Prime Minister Vladimir Putin Saturday dived to the bottom of the world's deepest lake aboard a mini-submarine, in a highly mediatized stunt unusual even by the standards of the Russian hardman.
Putin, wearing special thermal blue overalls, was able to examine the unique flora and fauna of Lake Baikal in Siberia during his four-hour journey underwater aboard the Mir-1 submarine.
"I've never experienced anything like it in my life," the prime minister, who served eight years as Russian president, told state television aboard the support ship after resurfacing.
"It's a special feeling. What I saw impressed me because with my own eyes I could see how Baikal is, in all its grandeur, in all its greatness," he added.
The lake's mythological beauty has always held a special place in the heart of Russians and is its fresh waters are home to a variety of endemic species, most notably the Baikal seal.
"The dive is going perfectly, there is a perfect view with the lights," Putin told Russian journalists from the depths of the lake on a crackling radio link-up during the dive.
However he expressed some surprise about how murky the water was in the lake, which contains around a fifth of the world's freshwater reserves.
"The water, of course, is clean from an ecological point of view but in fact it's a plankton soup, or so I called it," he said.
The Mir-1 is the same mini-submarine that in 2008 set a world record for the deepest dive in a lake by diving to 1,680 metres (5,512 feet).
Russian news agencies said Putin had dived to a depth of around 1,400 metres (4,600 feet) -- the deepest point in the lake's southern part -- and safely returned to the surface after four hours underwater.

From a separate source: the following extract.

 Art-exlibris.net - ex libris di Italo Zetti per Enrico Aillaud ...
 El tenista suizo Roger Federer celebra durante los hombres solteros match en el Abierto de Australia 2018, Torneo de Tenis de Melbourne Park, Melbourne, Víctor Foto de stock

Excited Russian journalists even asked Putin on his return if he now intended to visit the International Space Station (ISS) for his next exploit but he played down this idea.
"On earth there is a lot of work to do," the RIA Novosti news agency quoted Putin as saying.
Judo-mad Putin, 56, prides himself on keeping a peak physical condition and has raised eyebrows with a series of adventures over the last years.
Just the day earlier, he clipped a radio transmitter onto a beluga whale named Dasha in Russia's Far East.
Famous official pictures taken during his 2000-2008 presidency showed him fishing with a muscular naked torso that would impress any fitness fanatic while last year he fired a tranquilising dart at a tiger in the Far East.
But imagemakers have clearly been at pains to promote a softer side and the last months have seen him in unexpected situations ranging from singing in a classroom to denouncing the hunting of baby seals.
Back in his offices in Moscow, Putin has taken a front line role in fighting the economic crisis which has ended several years of dynamic growth in Russia and threatens impact its economy for years to come.
Putin has in the past also sailed on military submarines and even co-piloted a fighter jet. But RIA Novosti commented: "The dive on Mir-1 is one of the prime minister's most exotic experiments."